# What do you think of these names for our haunt?



## BoysinBoo (Dec 10, 2007)

We are splitting our haunt into two areas this year. G rated in the front / PG-13 and above in the back. Too many TOTs wouldn't even come into the driveway with the BAPU and 22' Spider on top of the house.

"The Playground of Screams" 
is our more kid friendly front yard display. It will have a mini blucky playground complete with teeter totter, swings, and merry-go-round. We are also working on a mini blucky zip-line.

"What Scares U" 
is the main theme of the walkthrough. It is hosted by some supposed "University Scientists" who are studying what scares people. It should give us the ability to throw a plethora of different scares at people to see what works and what doesn't.


----------



## Sickie Ickie (Jun 20, 2006)

Sounds like a nice option.


----------



## RoxyBlue (Oct 6, 2008)

I think the names are cute The playground sounds perfect for little TOTs.


----------



## Hallowitch (Jun 27, 2008)

BoysinBoo said:


> We are splitting our haunt into two areas this year. G rated in the front / PG-13 and above in the back. Too many TOTs wouldn't even come into the driveway with the BAPU and 22' Spider on top of the house.
> 
> "The Playground of Screams"
> is our more kid friendly front yard display. It will have a mini blucky playground complete with teeter totter, swings, and merry-go-round. We are also working on a mini blucky zip-line.
> ...


Last year we divided our haunt into two sections. We had a kiddie carnival area for the little ones with games such as pumpkin bowling, a fish pond, and three others. We also had a make and take table for them where they made their own trick or treat bags and entered the coloring contest. We also had a photo booth where they went in to get the picture taken, but on the count of cheese one of the ghouls came alive. It was really funny. 
The walkthrough was scarier for the older ones.
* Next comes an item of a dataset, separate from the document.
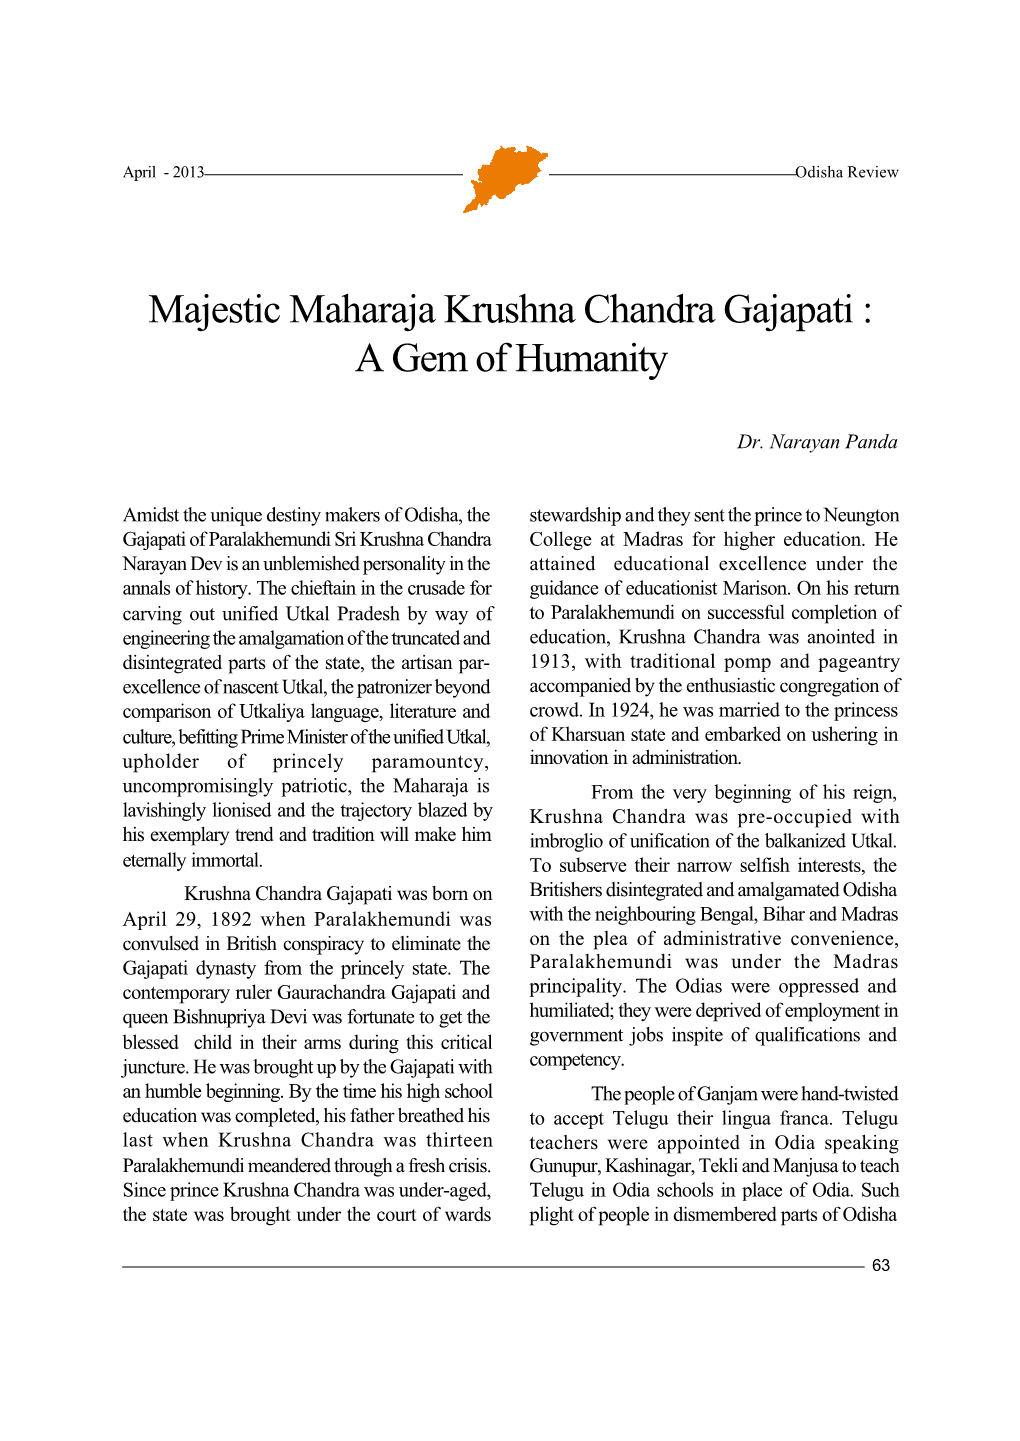 Majestic Maharaja Krushna Chandra Gajapati : a Gem of Humanity

I don't do gore, but it was scary enough that we suggested it be for ten and older. It worked out really great this way because everyone got to take part.


----------



## ScreamingScarecrow (Oct 1, 2008)

Names sound good to me.
One day when we have more room we'll probably have a two tier haunt but for now we just get the wee ones at the top of the driveway.


----------



## fontgeek (Jul 24, 2006)

Maybe Psychotic State?
You could hand out "Diplomas" to those who graduate/survive.

The kids one is fine, it's the adults who will read the sign so the word play needs to be aimed at them rather than the kids themselves. The kids just focus on the fun and candy.


----------



## slightlymad (May 25, 2006)

I like it never thought about naming 2 separate sections


----------



## ghost37 (Jul 30, 2008)

I like the names!


----------



## Bethene (Jan 19, 2008)

great idea, having the 2 seperate sections geared toward different ages, I like the names too!


----------



## Devils Chariot (May 23, 2007)

I have thought about this too, luckily we only have a few tiny tots around. We try and keep the driveway scare free and have candy there for little kids. By hidden, so lazy kids can't skip on the scares!


----------



## daddywoofdawg (Oct 3, 2008)

How about Dead U.could even make T-shirts to sell making them look like a University T-shirt.


----------



## EvilQueen1298 (Jul 27, 2007)

great names!


----------



## HauntDaddy (Apr 14, 2009)

Go with the play ground of screams


----------



## oneshot (Aug 22, 2008)

How about "Playground of Dreams" but scratch out the "D" and put in a "Sc"


----------



## The Bloodshed Brothers (Jan 25, 2009)

very cool
we are thinking about doing a split too


----------



## BoysinBoo (Dec 10, 2007)

oneshot said:


> How about "Playground of Dreams" but scratch out the "D" and put in a "Sc"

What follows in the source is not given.